Серафима вновь прищурилась, заполняя анкету. Демиан, воспользовавшись паузой, продолжил изучать чудной кабинет. Из мебели, кроме рабочего стола и пары кресел, здесь ничего не было. Поэтому чрезмерно большое помещение казалось пустующим и необжитым. Однако за счёт цветового решения (всё было стерильно белоснежным) пустота не давила, как случается, не была неуютной. Напротив, это была лёгкая и светлая пустота горных вершин или подоблачных просторов, где воздух всегда чист и свеж. Так что долго и созерцательно изучать здесь было нечего. Дольше всего Демиан пялился на фонарь под потолком –единственный источник света в кабинете, лишённом окон. Всего одна лампочка буквально распирала помещение удивительно ярким светом, который как раз таки занимал все неуютные пустоты. Привыкнув к слепящему свету, Демиян присмотрелся: в лампочке не было ни спирали накаливания, ни светодиодов. В ней подрагивали искорки, похожие на звёздочки. Они пульсировали и, как облака принимают причудливые формы, походя на что-то знакомое, по силуэту напоминали то лошадь, то кентавра.

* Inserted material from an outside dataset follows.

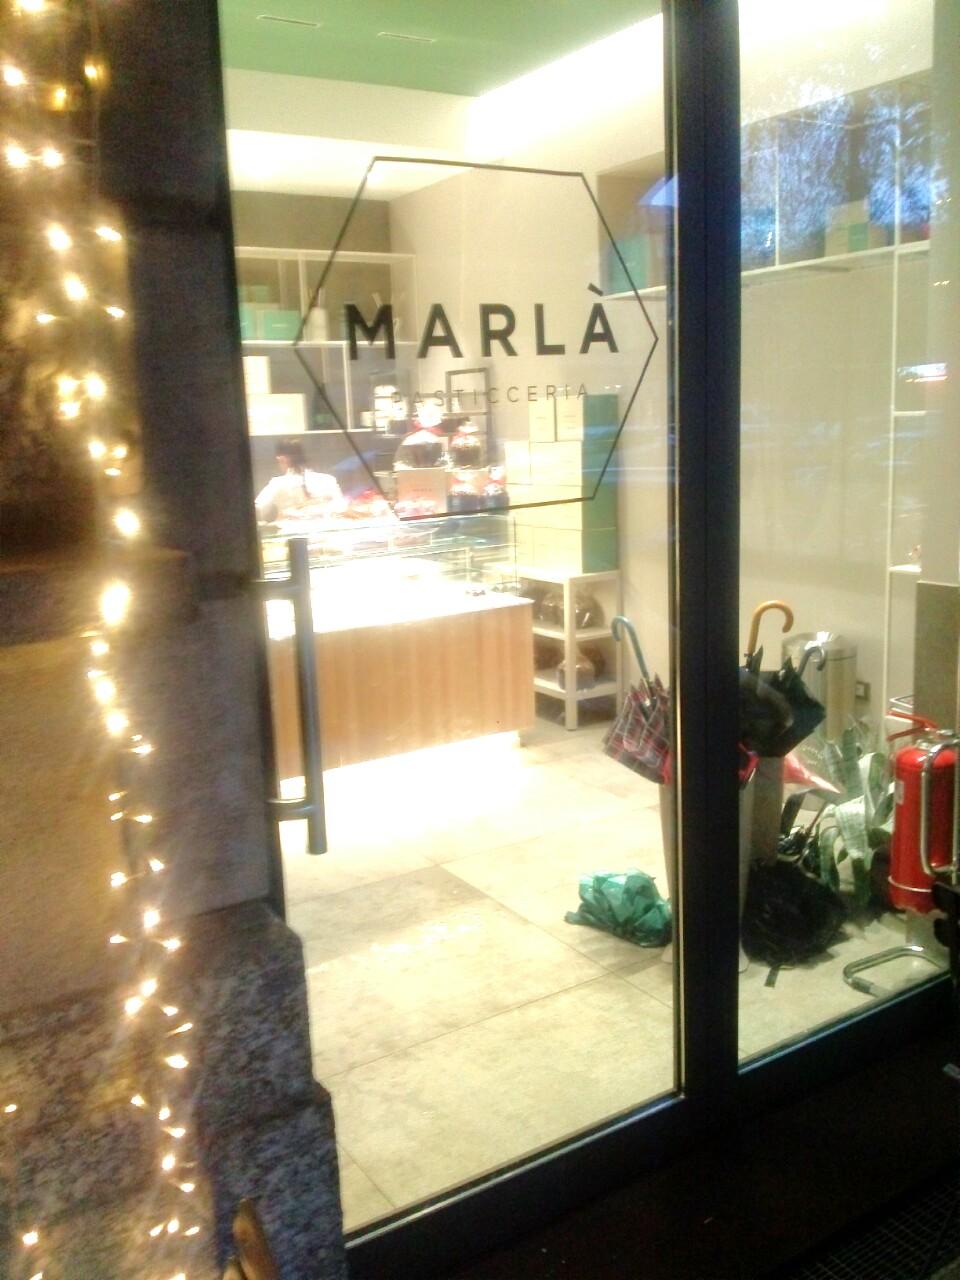 Marla'- L'entrata

– Вы были не очень-то религиозным человеком. Как вы восприняли собственную смерть?
– Смиренно. А разве у меня были варианты? – усмехнулся Демиан. – Я ещё в студенчестве переосмыслил отношение к смерти, когда с родителями ходил в морг на опознание родственницы. До сих пор не уразумею, на кой чёрт они меня туда потащили. Но этот маленький поход оказался большим духовным путешествием, обернувшимся глубоким инсайтом. Я думал, в морге всё, как в кино: пусто, тихо, чисто, а тела спрятаны в специальных полках-холодильниках. На деле же оказалось, что там несносно воняет, везде кровь, и тела, как попало сваленные в кучу, покоятся, если это можно так назвать, прямо в коридорах на каталках.

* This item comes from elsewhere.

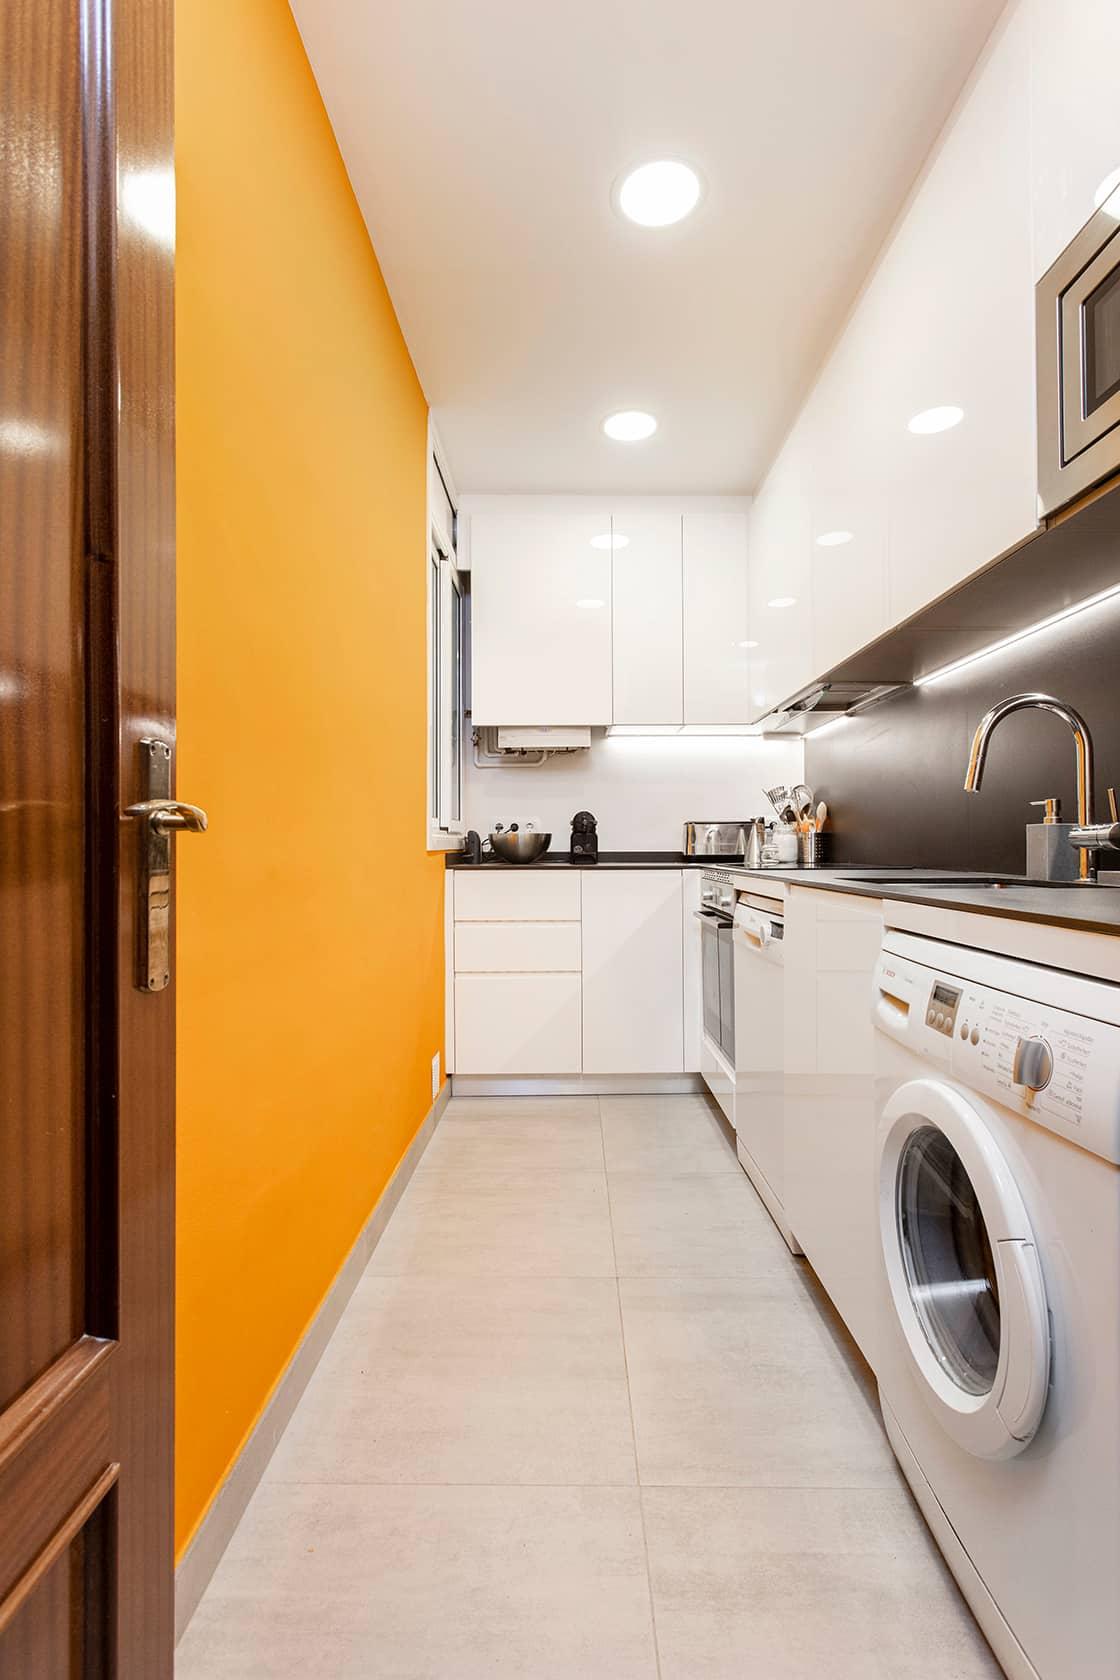 cocina naranja alargada

Голос Демиана звучал глубоко и проникновенно, словно, надрываясь, продирался наружу из самого сердца. Серафима почти незаметно брезгливо поморщилась. Но не прервала рассказ.
– С телами обращались не как с людьми, пускай и мёртвыми, а как с бездушными предметами. Хотя «бездушный» в таком контексте звучит нелепо. Их, не церемонясь, перетаскивали, кидали, резали и кромсали, потом вываливали изученный органокомплекс в изувеченную полость тела и халтурно зашивали. Глядя на это, я кое-что осознал. Эти тела
После неловко затянувшейся паузы Серафима уточнила:
– Однако это озарение не добавило вам религиозности?
– Нет. И я объясню почему. Религиозность – это воцерквлённость и вера в связь с Богом через церковь. Я же, скорее, обладал духовностью. То есть непосредственной связью с Богом, которого я не персонифицировал и не представлял чем-то внешним. Но, признаться, я никогда не обременялся подобными вопросами.
– И почему же? Ведь это фундаментальный вопрос любого мыслящего человека.
– Это вопрос, на который не каждый хочет знать ответ. На самом деле, люди намного больше боятся того, что Бог есть, чем того, что его нет.
Серафима недоумевающе приподняла одну бровь. Демиан продолжал:
– Примерно так же мы боимся воплощения в жизнь своих мечт. Мечтать прыгнуть с парашютом и реально нырнуть в воздушный океан – это две большие разницы. Полёт может оказаться совсем не таким, каким мы его воображали. Поэтому я не воображал, а просто инкрустировал в свои сердце и душу аксиому, выведенную мною в морге.
– Но вот вы здесь, и скоро встретитесь с Богом. Не переживаете, что всю жизнь не готовились к этой встрече.
– Ну, судя по вашим словам, я и без подготовки пока успешно справляюсь с собеседованием, – отшутился Демиан. – А если серьёзно, в том-то и штука. Религиозный человек, встретив не того Бога, которого он себе представлял, будет обескуражен и растерян. А духовный человек не представлял себе Бога, не сотворял себе кумира, потому его ничем не удивить.
Серафима вновь внесла какие-то заметки в анкету. Ненадолго задумалась, определяясь с дальнейшим развитием беседы. Пронзительно взглянула Демиану в глаза, словно вбуравливаясь в самую его суть, проникая во всё недосказанное и потаённое. А затем произнесла:
– И последний вопрос. Пожалуй, самый главный. От ответа на него зависит не столько наше решение, сколько ваше, – говорила она так серьёзно, что Демиан невольно съёжился и заёрзал в кресле. – Вас связывает что-то с прошлой жизнью и миром людей?